Work item
Pictures are to be left out, and only the lines from the one containing "sieu xe hoi" through the last line of the data are to be returned exactly.

Given information

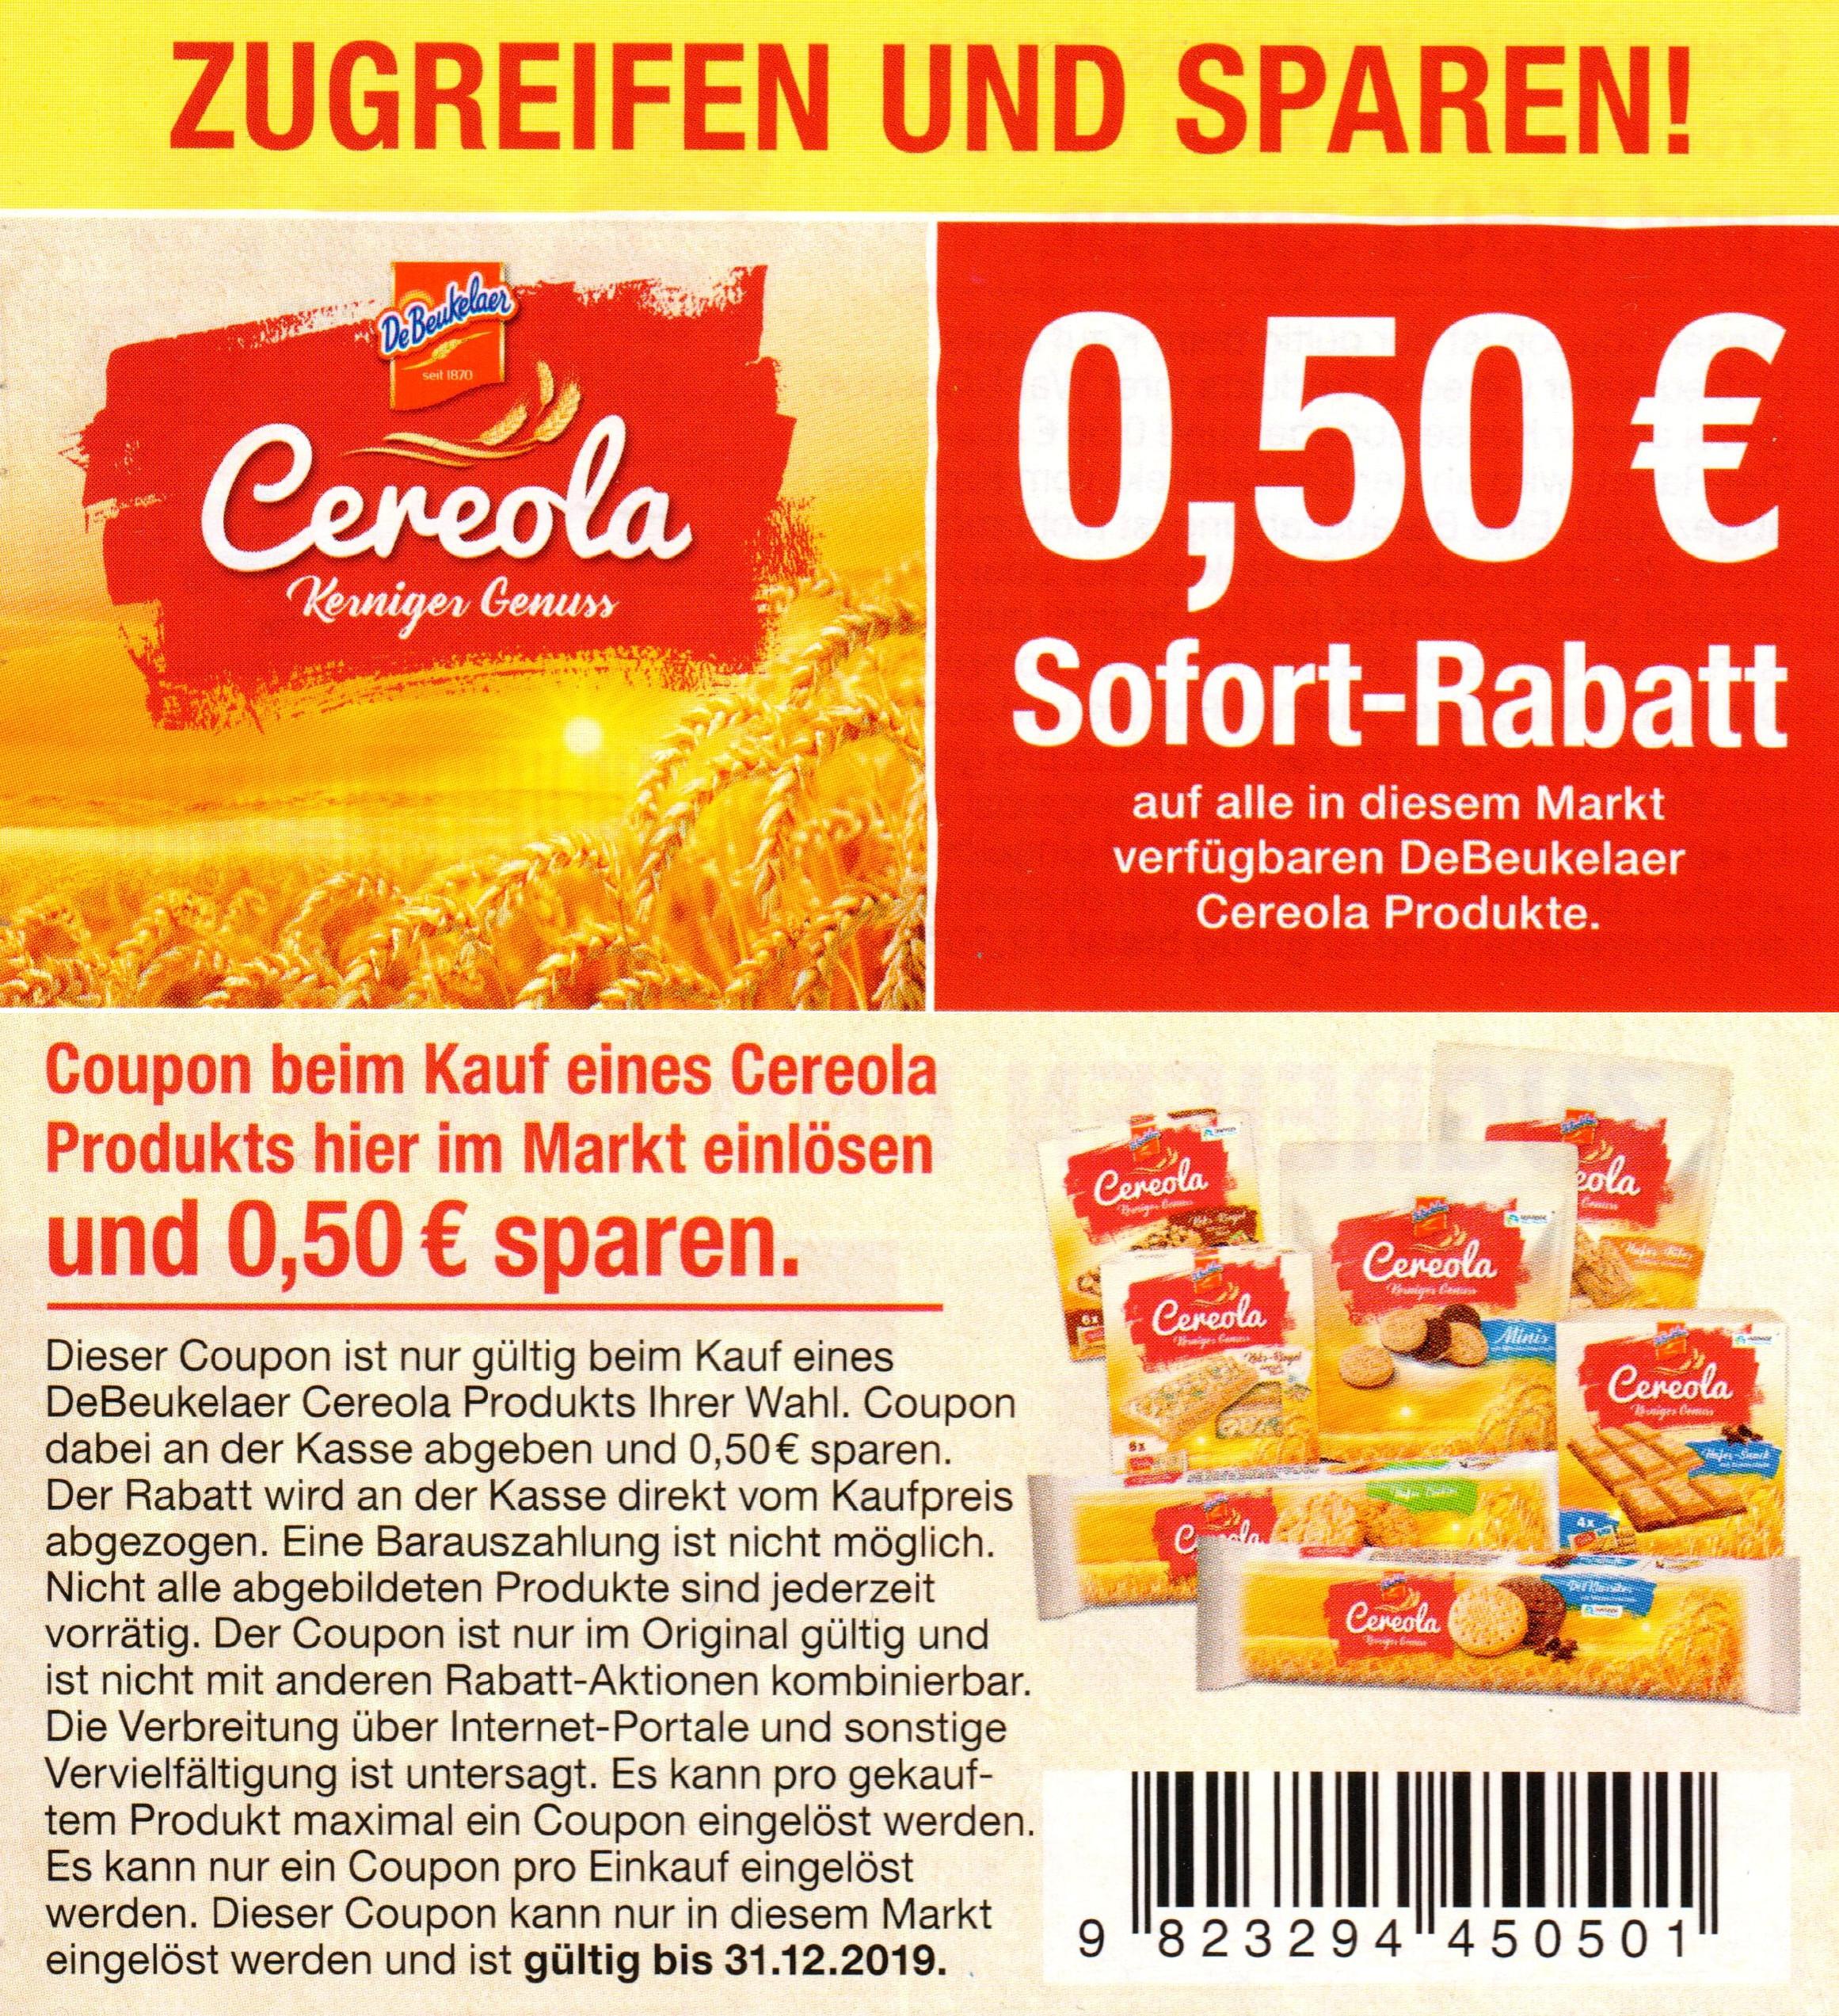 0,50€ Rabatt Coupon für den Kauf eines DeBeukelaer Cereola Produktes bis 31.12.2019
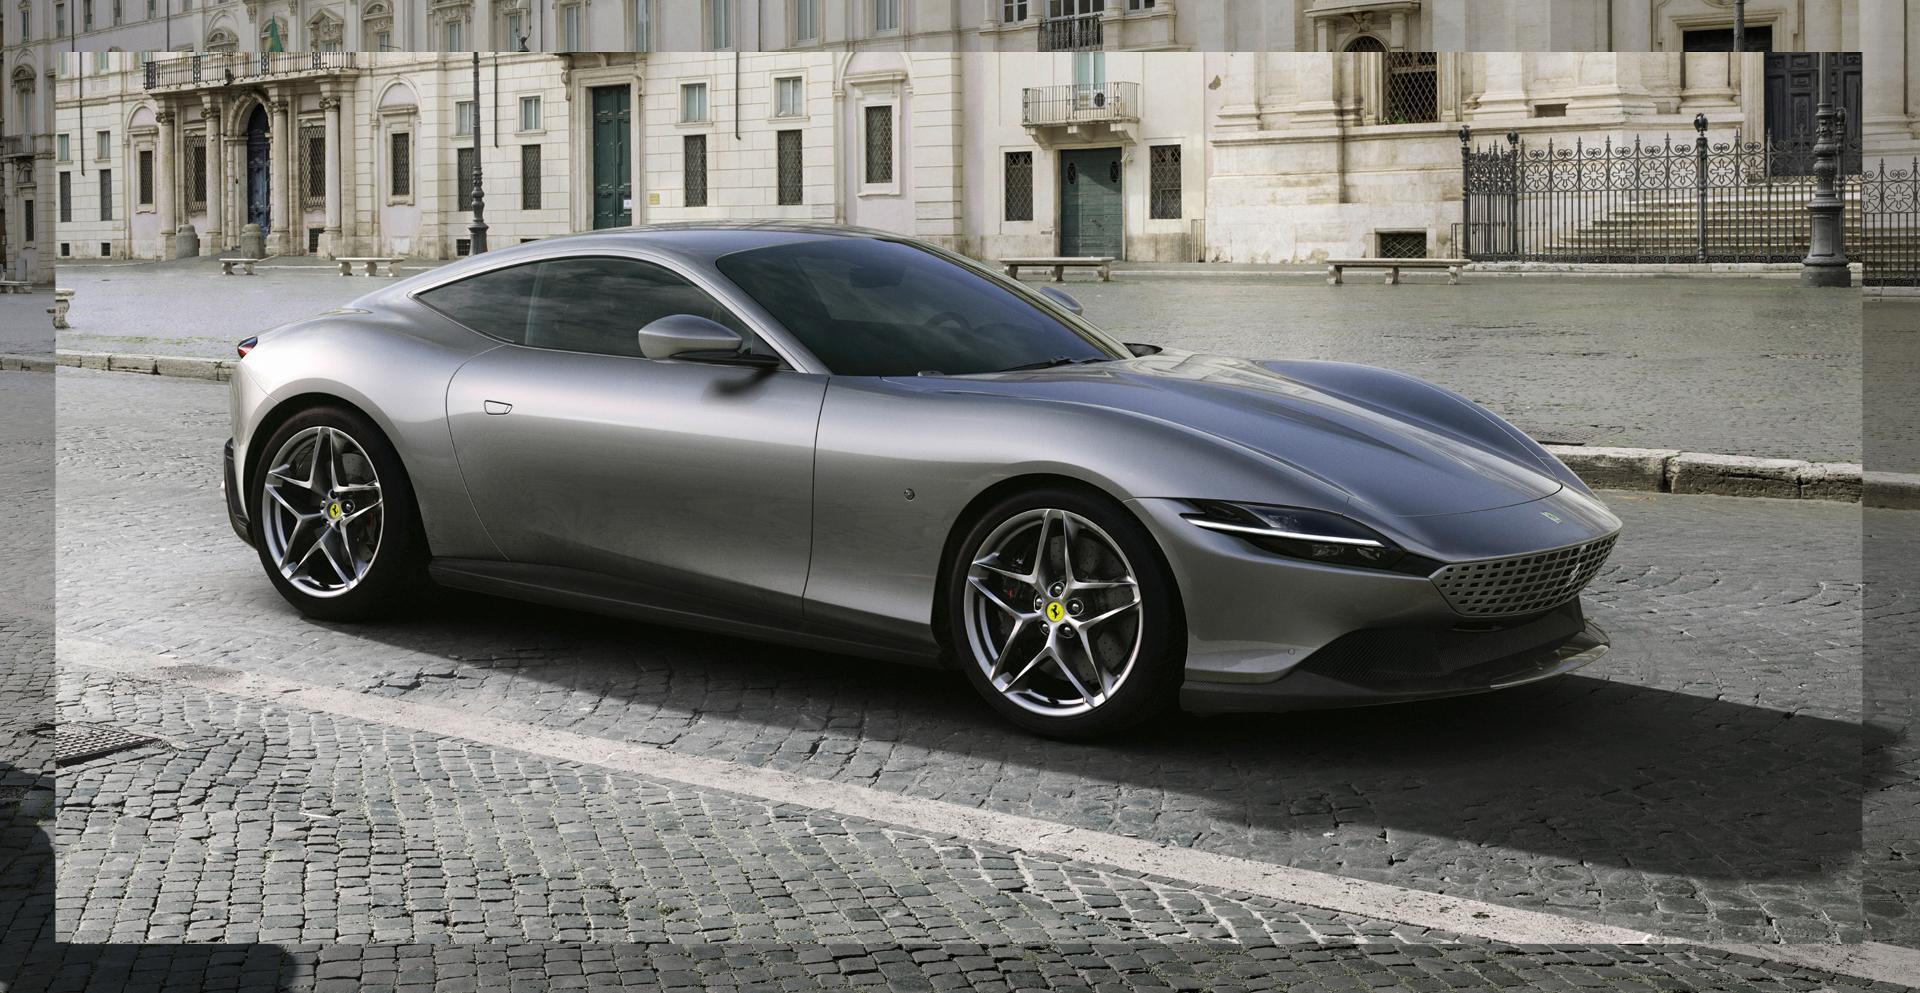 sieu xe hoi geneva 2020 - Ferrari Roma - elle man 1
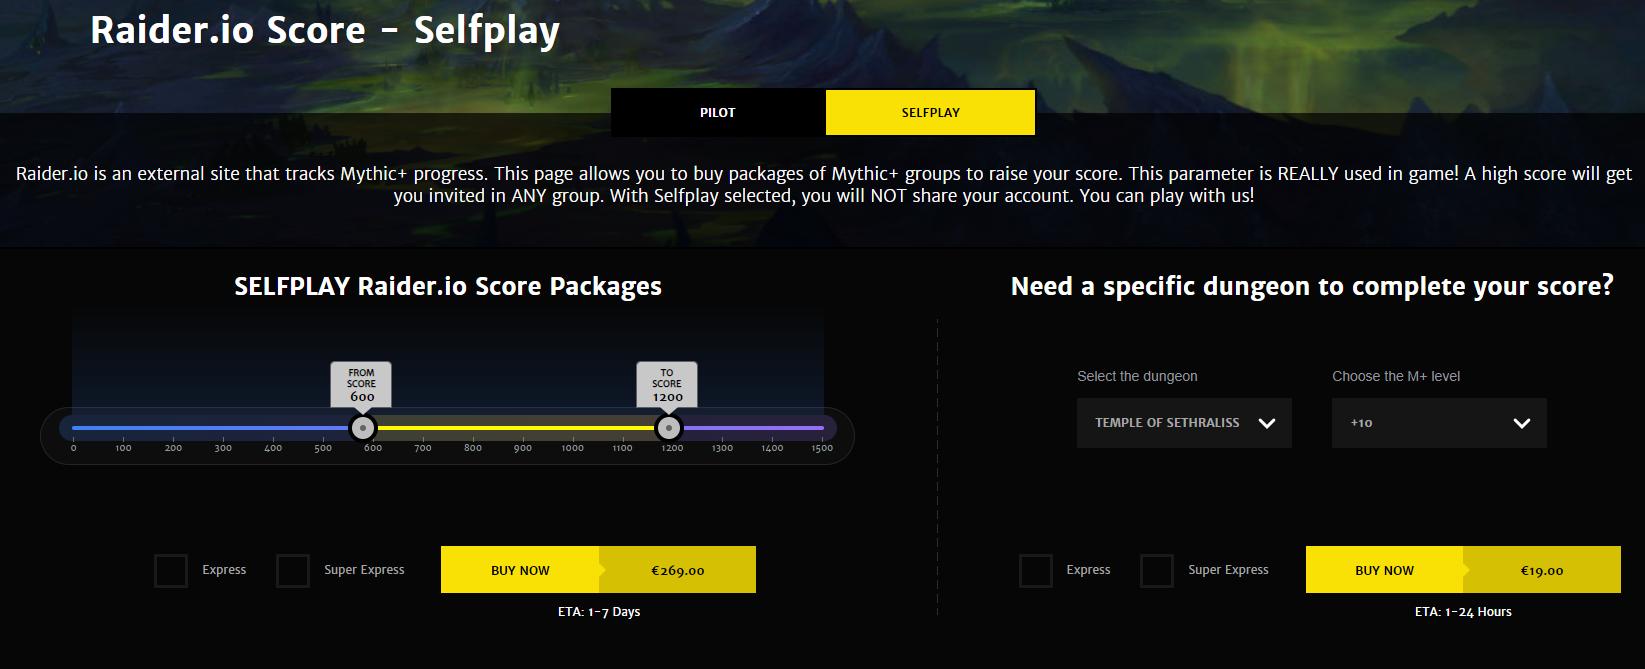 meilleurs tissus comment acheter en vente en ligne L'économie souterraine des donjons de World of Warcraft

Solution for this task
 sieu xe hoi geneva 2020 - Ferrari Roma - elle man 1
 meilleurs tissus comment acheter en vente en ligne L'économie souterraine des donjons de World of Warcraft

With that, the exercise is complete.